Basics of Logistic Regression

Classification Algorithm:

  • Two categories for the outcome variable (analysed in what follows): e.g. Unemployed true or false

  • Multiple categories for the outcome variable (not covered here)
    • unordered logistic regression
    • ordered logistic regression »

A Mock-Up Example to Introduce the Idea

Code
library(tidymodels); library(kableExtra); library(janitor); library(rio)
DataYachts=import("https://lange-analytics.com/AIBook/Data/DataYachts.csv")%>% 
  mutate(YachtNum=Yacht, Yacht=as.factor(Yacht)) 
kbl(DataYachts %>% select(-YachtNum), caption="Income and Yacht Ownership") %>% 
  kable_styling(bootstrap_options=c("striped","hover"), position="center", full_width = F)
Income and Yacht Ownership
Name Income Yacht
Jack 45 1
Sarah 50 0
Carl 55 0
Eric 60 0
Zoe 67 0
James 250 1
Enrico 280 1
Erica 320 1
Stephanie 370 1
Susan 500 1

Using OLS is a Tempting (but bad) Idea

Code
library(plotly)
ggplotly(ggplot(aes(x=Income,y=YachtNum),data=DataYachts)+
  geom_point(size=2.7, color="magenta")+
  scale_x_continuous(limits = c(-50,500), breaks = seq(0,500,50))+ 
  scale_y_continuous(breaks = seq(0,1.25,0.25))+ 
  labs(y="Probability of Yacht Ownership", x="Income in $1,000"))
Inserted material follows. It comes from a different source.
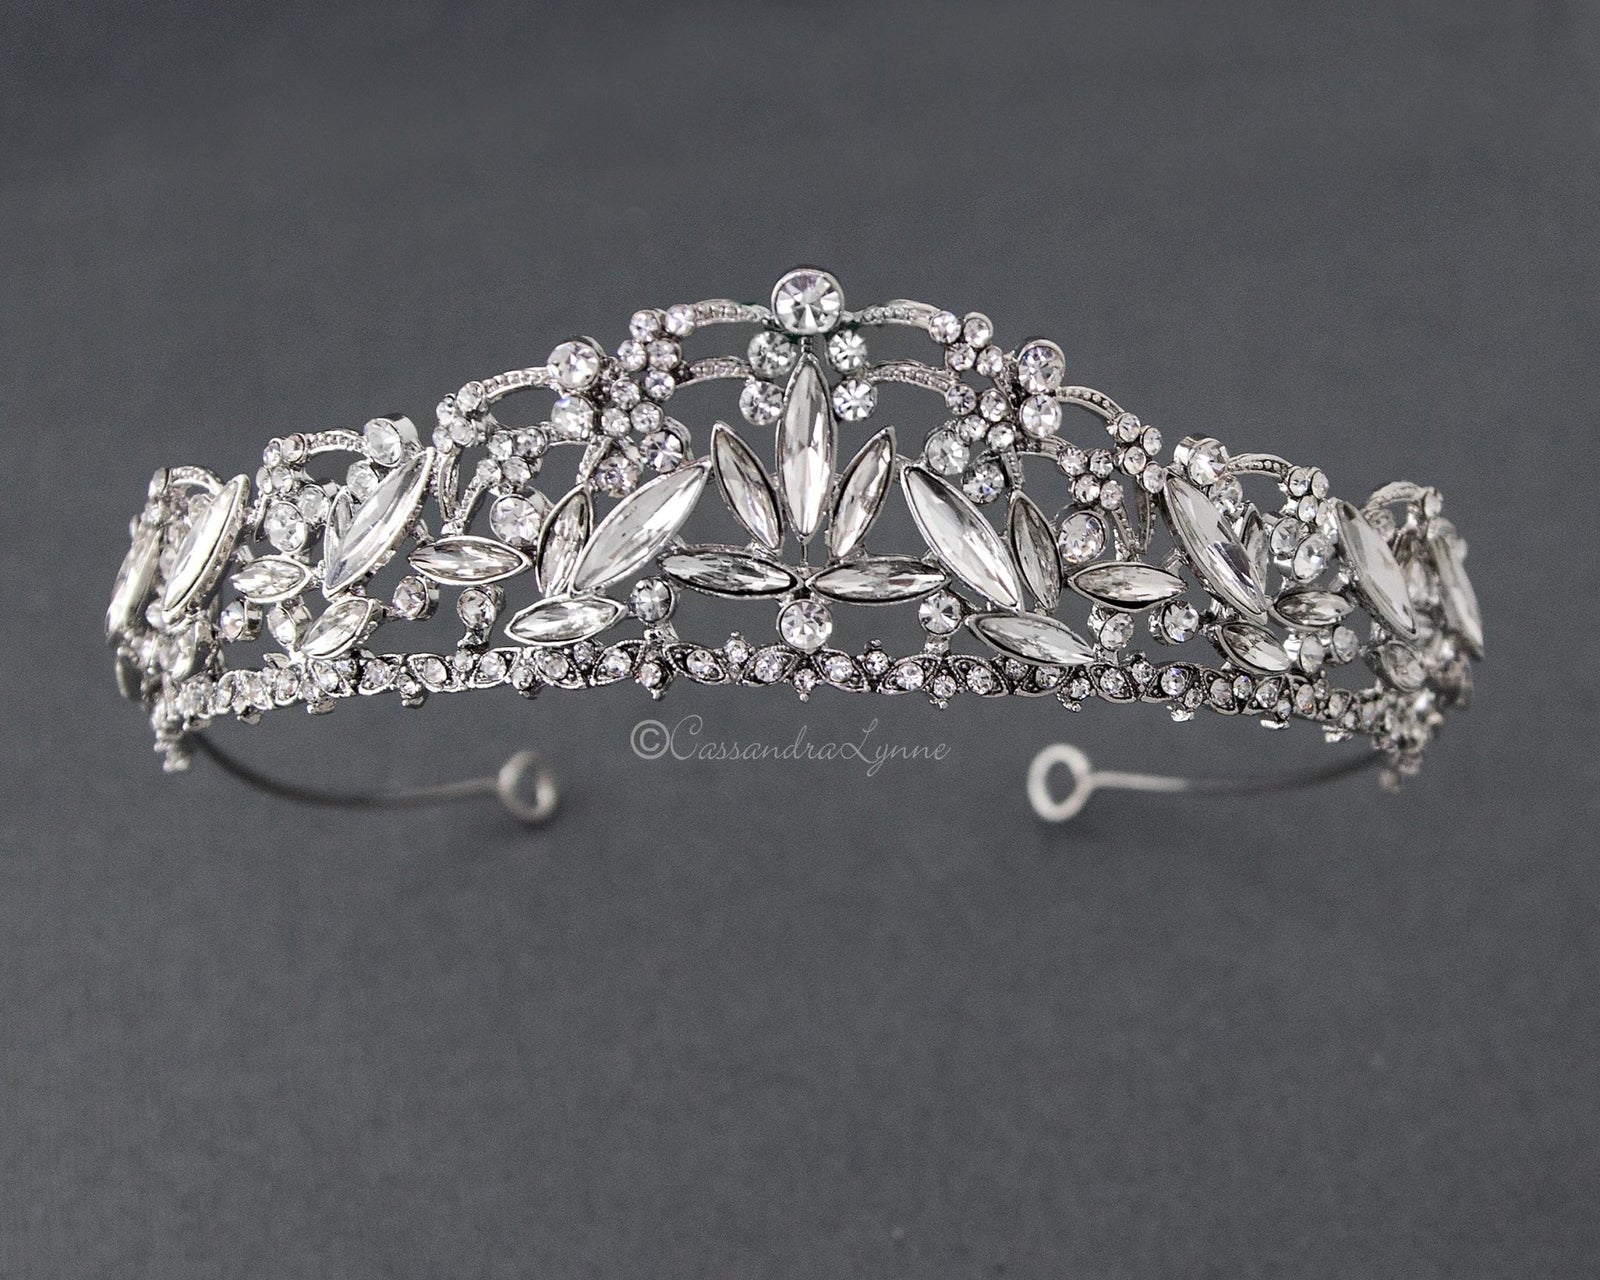 Dahlia Antique Silver Wedding Tiara

Using OLS is a Tempting (but bad) Idea

Code
library(plotly)
ggplotly(ggplot(aes(x=Income,y=YachtNum),data=DataYachts)+
  geom_hline(yintercept = 0.5)+
  geom_point(size=2.7, color=ifelse(DataYachts$Income==45,"red","cyan"))+
  geom_smooth(method="lm",se=FALSE, size=1.7)+
  scale_x_continuous(limits = c(-50,500), breaks = seq(0,500,50))+ 
  scale_y_continuous(breaks = seq(0,1.25,0.25))+ 
  labs(y="Probability of Yacht Ownership", x="Income in $1,000"))

Quick Way to Find a Decision Boundary

  1. Find the intersection point between the prediction line and the horizontal 0.5 probability line.

  2. Draw a vertical line through the intersection point. This line is called a decision boundary.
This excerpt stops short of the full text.